The key to the door was on the mantelshelf so this time Jack locked the door as they went out, Elizabeth clutching her letters, Jenny her biscuit tin. Snuff had been watching the door anxiously. When they came out he began to bark joyously and in the car he licked all three faces, one by one.
Chapter Thirty-One
ELIZABETH TRAVELLED OVER to Morton Main on the following Tuesday. It was a good day to leave the shop, Monday being market day in Darlington and the day women came in from all the outlying districts to meet up, get in the weekly shopping and, if there was time, browse through the clothes shops. Consequently Tuesdays were fairly quiet.

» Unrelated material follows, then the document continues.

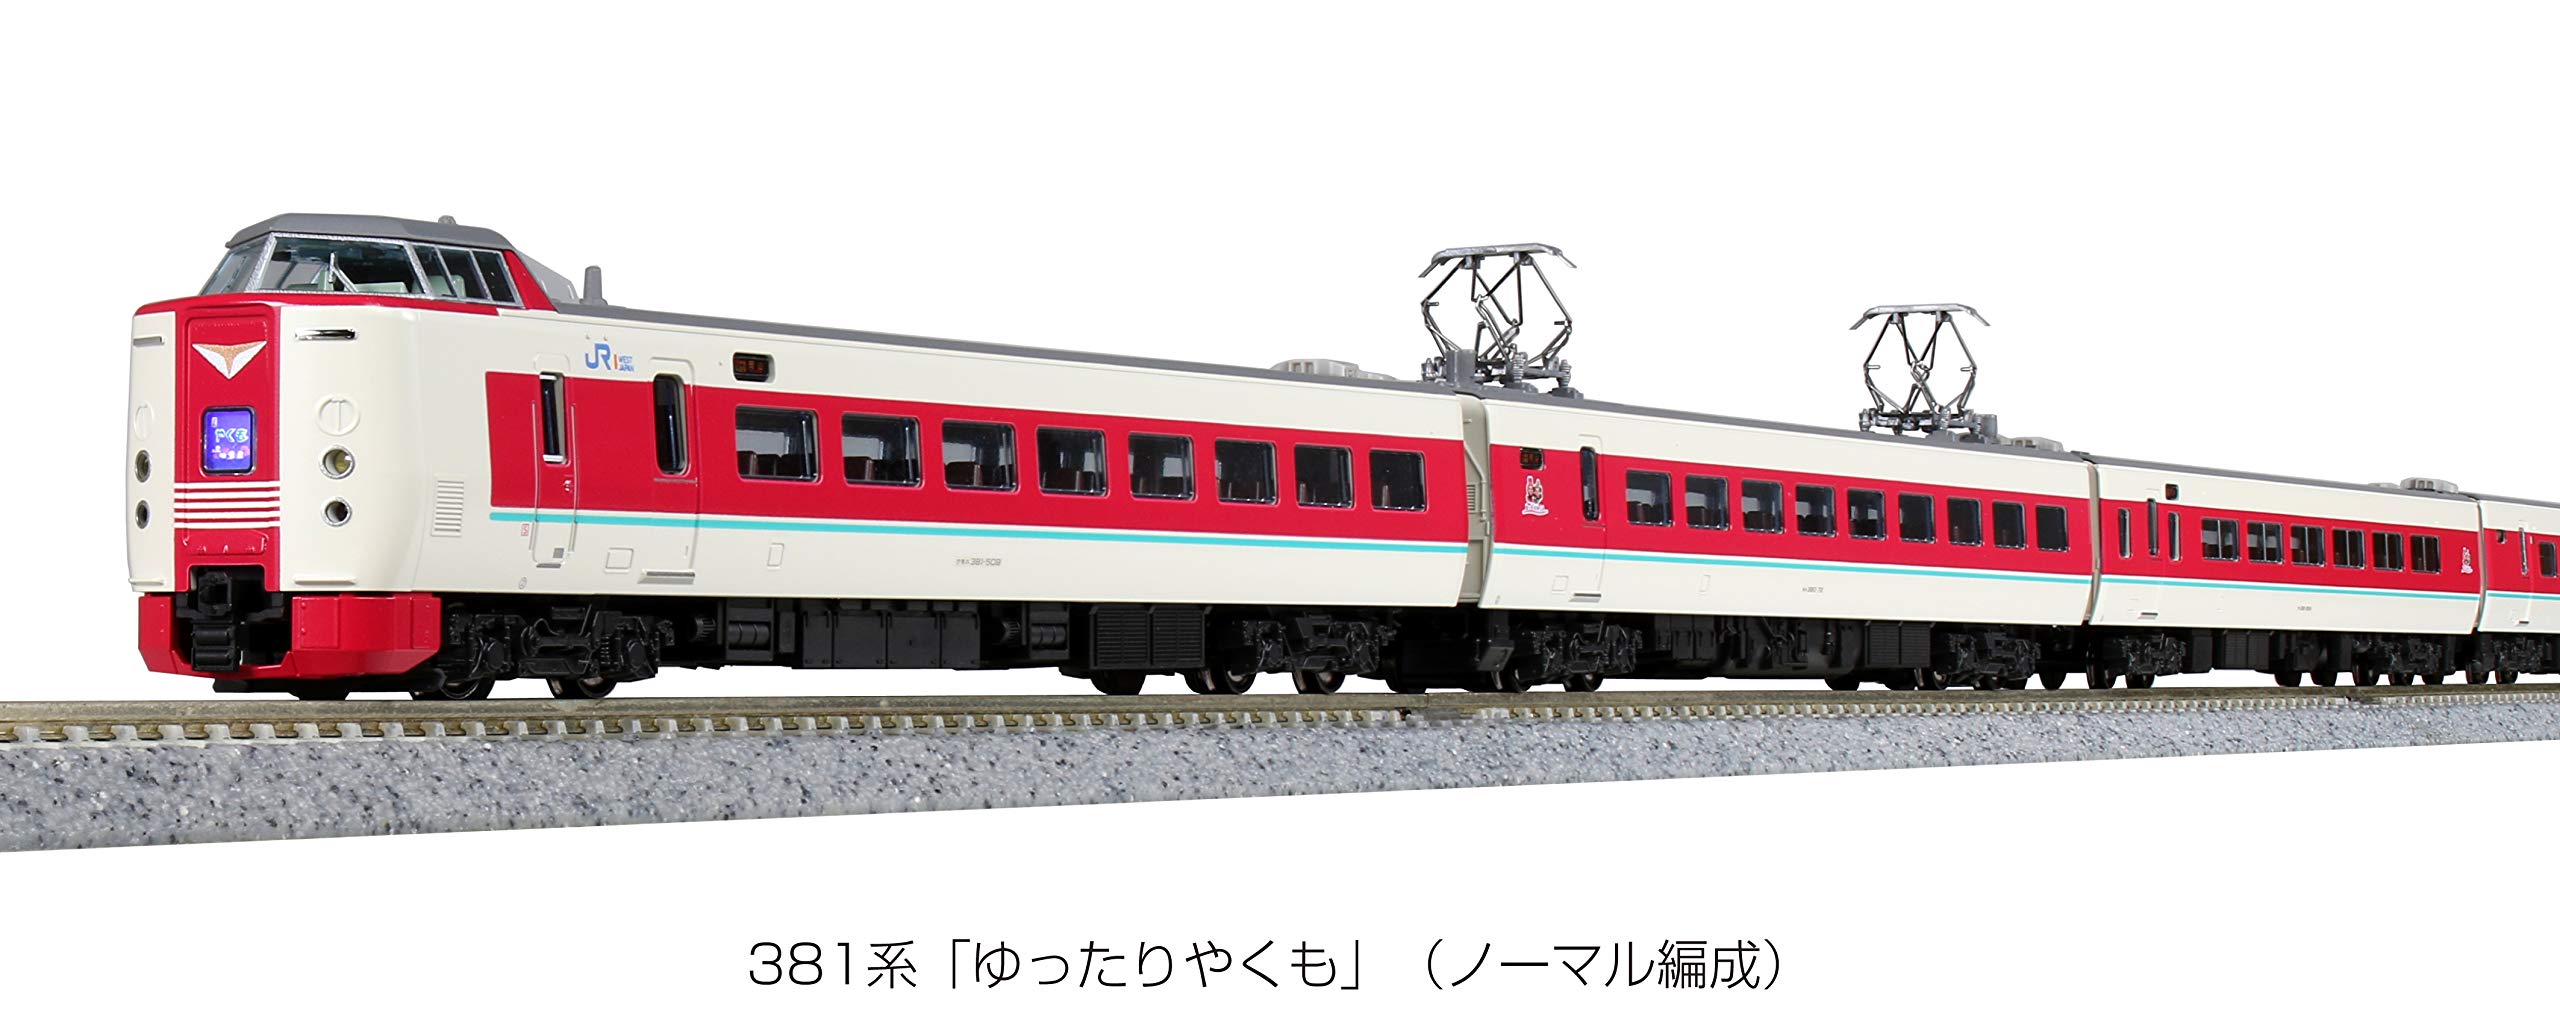 Kato N Gauge 381 Series Yukuyaku Yakumo 7-Car Set 10-1452 Model Train

‘I’ll call for you, go with you to the village,’ Jack had suggested, but Elizabeth wanted to go on her own.
‘We can see the Minister later,’ she said. They had decided to be wed in the Wesleyan Chapel in Morton Main. ‘But if you don’t mind, Jack, I’d like to go myself first, see my aunt and uncle and Kit, tell them. I’m meet up with you later, if you like.’
She travelled through on the bus which had recently started up, serving the rural villages and mining communities. Elizabeth smiled to herself as she gazed out of the window, seeing little, for her thoughts were totally on Jack and the amazing knowledge that he loved her after all, that they were going to be together for the rest of their lives. Even now she could hardly believe it, felt a slight anxiety that it might all be an illusion and she would wake up soon. The wedding was four weeks away and she couldn’t wait, yet she had so much to do first, so much to settle.
She thought of the letters from Jack which had been in the box under Peart’s bed. If only – no, it was no good thinking of that. The past was done, it couldn’t be changed. But Jimmy’s letters … oh, it was such a bitter regret not to have received them. To know he had not blamed her for what had happened, to have been able to tell him how proud she’d been of him. Wherever you are, Jimmy, she thought, I hope you know that.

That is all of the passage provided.